I worked on the rim today. Finished the sanding process. I took the whole wheel out to 2000 grit.


Once that was done I cleaned it up with mineral spirits and fired up the electric drill with a buffing cone in it. Loaded the cone with red rouge and gave the whole wheel a once over.
This is starting to look pretty tasty...

I again cleaned the wheel with mineral spirits and changed over to an unsewn buffing pad with the same red rouge to get down into the space between the rim and the center. This is quite deep... I also used the unsewn buff to really clean up the wheel bead.

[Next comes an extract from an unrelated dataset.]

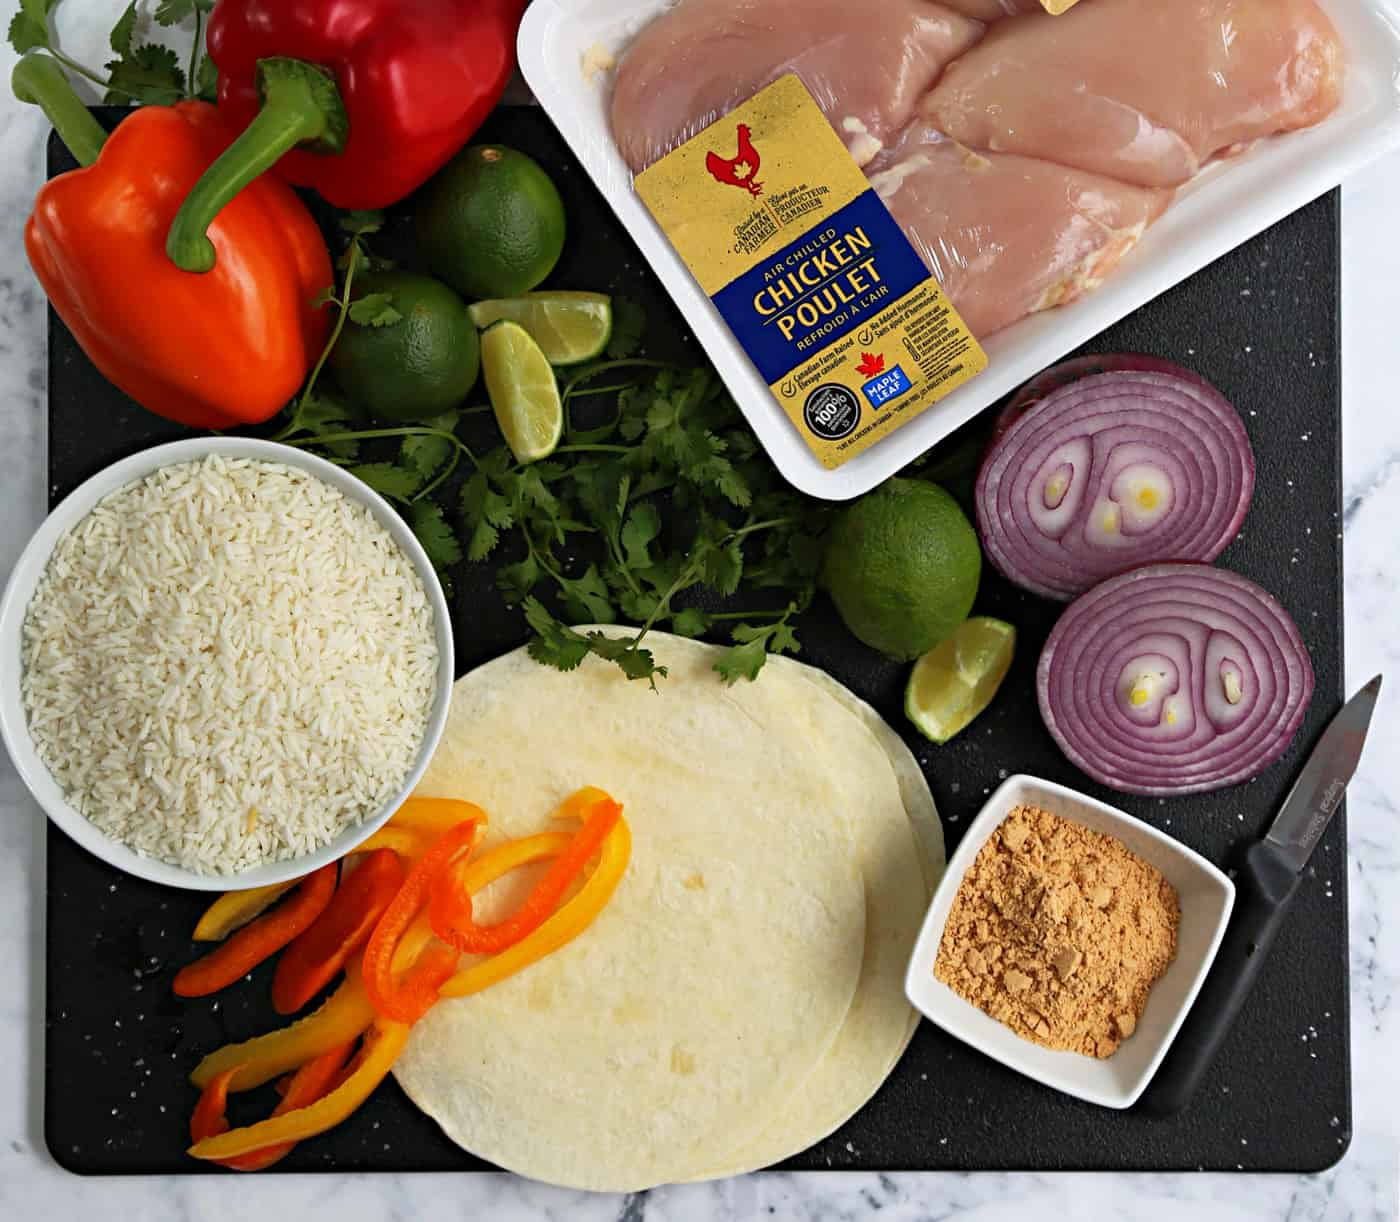 ingredients to make Chicken Fajita Foil Packets

Once that was done I re-cleaned the wheel and swapped to a new unsewn buff and white rouge. After about 15 minutes this is what I have.

This is almost there.

It is still a bit swirly looking but that is where a couple of deep hand polishing's will finish it off.

I'll use Mother's Billet Polish first and finish up with White Diamond.

----------

Paul Jones (Nov 6, 2017)

----------


## astroracer

These are the wheels on my truck. Most people would have never seen the defects in the wheels but I am pretty picky about how my truck looks and was not happy with them. now I am...

----------

extropic (Oct 30, 2017),

Paul Jones (Nov 6, 2017),

rendoman (Oct 30, 2017),

Seedtick (Nov 1, 2017)

----------


## rendoman

Impressive work!!
Usually I use aluminum and brass, I'll have to polish a couple of damascus blades. I bought 5000 grit as experiment to restore a stringht razor, since I havn't the complete set of stones in order to sharp the edge.

----------

astroracer (Oct 30, 2017)

----------


## Hammer1963

> These are the wheels on my truck. Most people would have never seen the defects in the wheels but I am pretty picky about how my truck looks and was not happy with them. now I am...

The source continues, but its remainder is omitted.